[Date Prev][Date Next][Thread Prev][Thread Next][Date Index][Thread Index]

Re: [tlaplus] Experimenting with PlusCal / TLA+ at Dropbox



Hi Dan,


I understand that this issue is not present in the spec that you posted.

I believe the issue was present in the original spec, but the modifications that you made to cas_sentinels fixed it. In the original spec, a writer can proceed with db_commit if cas_error_keys is empty, even if cas_success_keys is not equal to db_write_keys. Such a state can occur if db_write_keys is non-empty and the writer takes a cas_sentinels step when it is Down. This violates consistency because keys can be modified in the database when they are not Pending in the cache.

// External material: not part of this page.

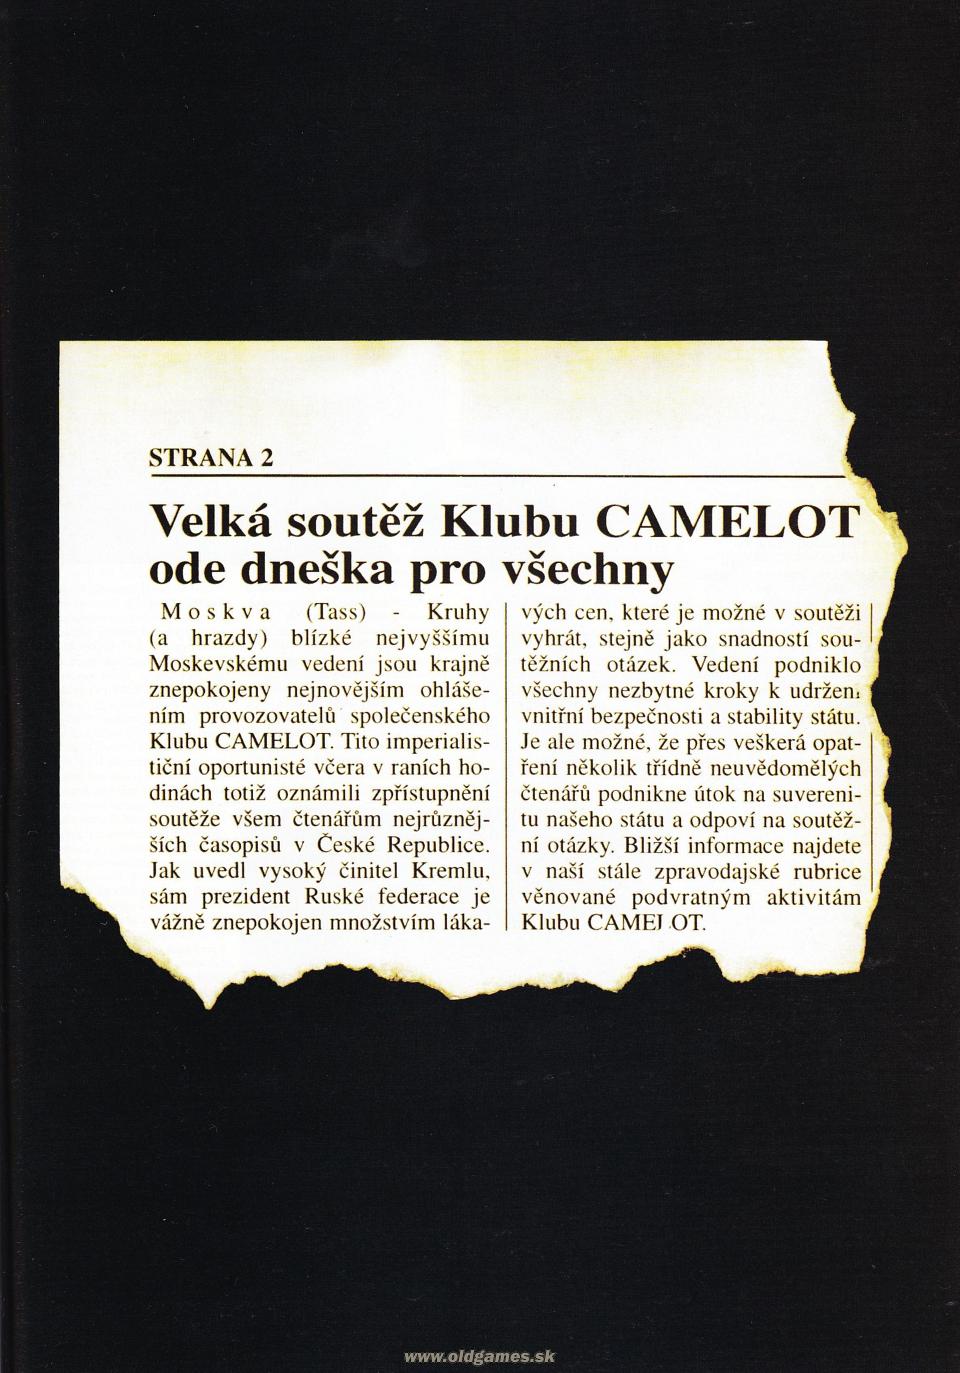 Camelot Klub - Soutěž

You fixed this issue by (a) removing cas_error_keys and comparing cas_success_keys to db_write_keys and (b) changing the if-statement in cas_sentinels to an await.

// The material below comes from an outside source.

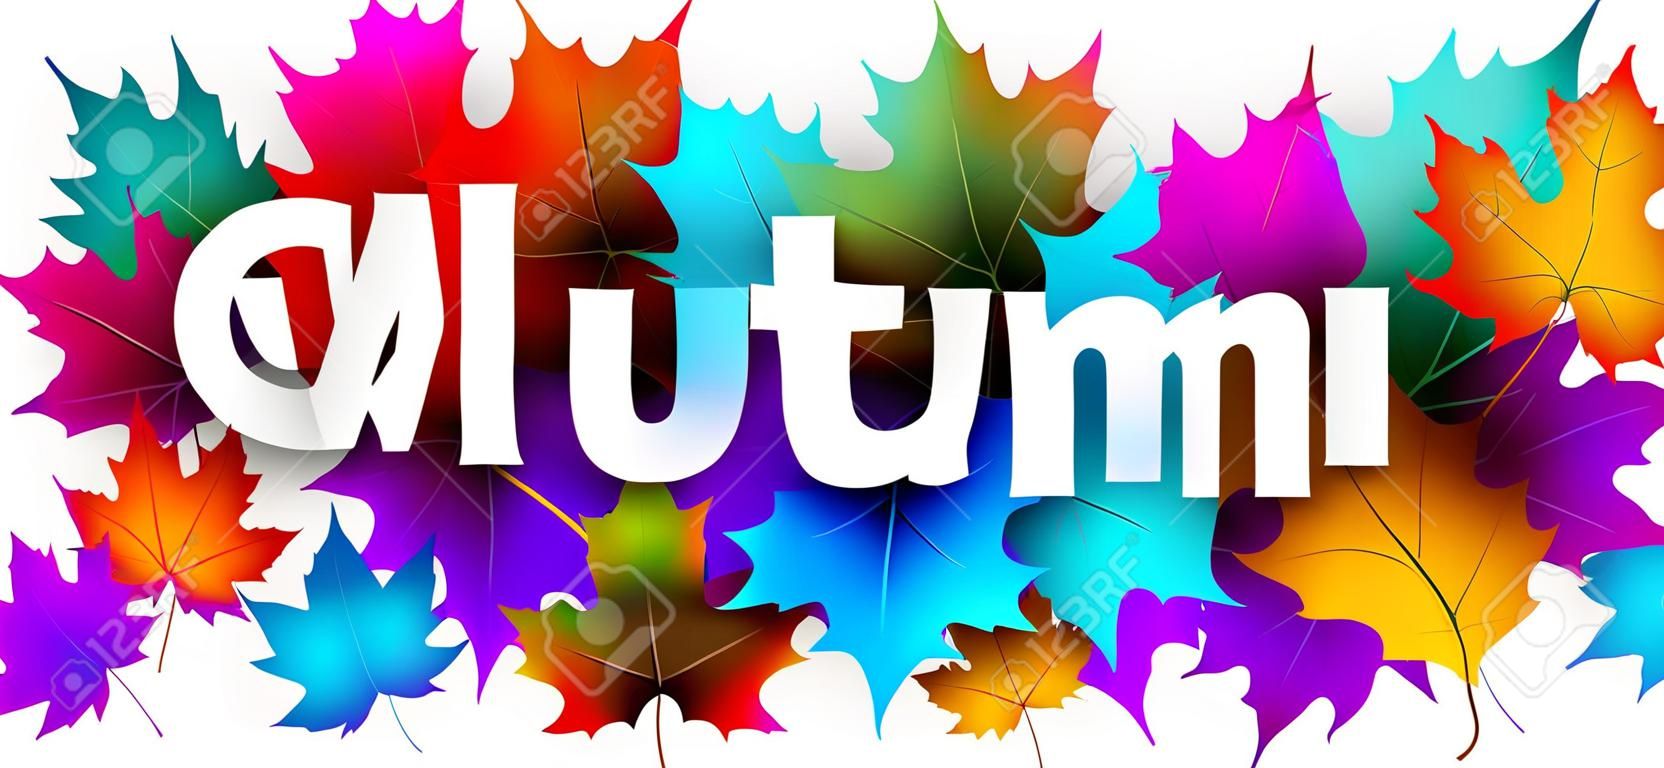 Sinal de boas-vindas de outono com folhas coloridas de bordo. Fundo do vetor.

thanks for pointing this out. Indeed, I removed the variable cas_error_keys, relying on the putative invariant that it was the complement of cas_success_keys w.r.t. db_write_keys, and overlooking the fact that this need not hold when the server is down. It appears to me that this is a spec error rather than a protocol error: a server that is down should presumably not write to the database (i.e., why would db_commit not be guarded by the same if-statement as get_sentinels or cas_sentinels), but only Elliott would be able to tell for sure.

Anyway, the current spec only models server startup, but not server failures. It is easy to extend it to the case where servers have persistent memory that ensures that all local variables are restored after recovering from failure, but I don't know if this is the intended behavior.

Best regards,

Stephan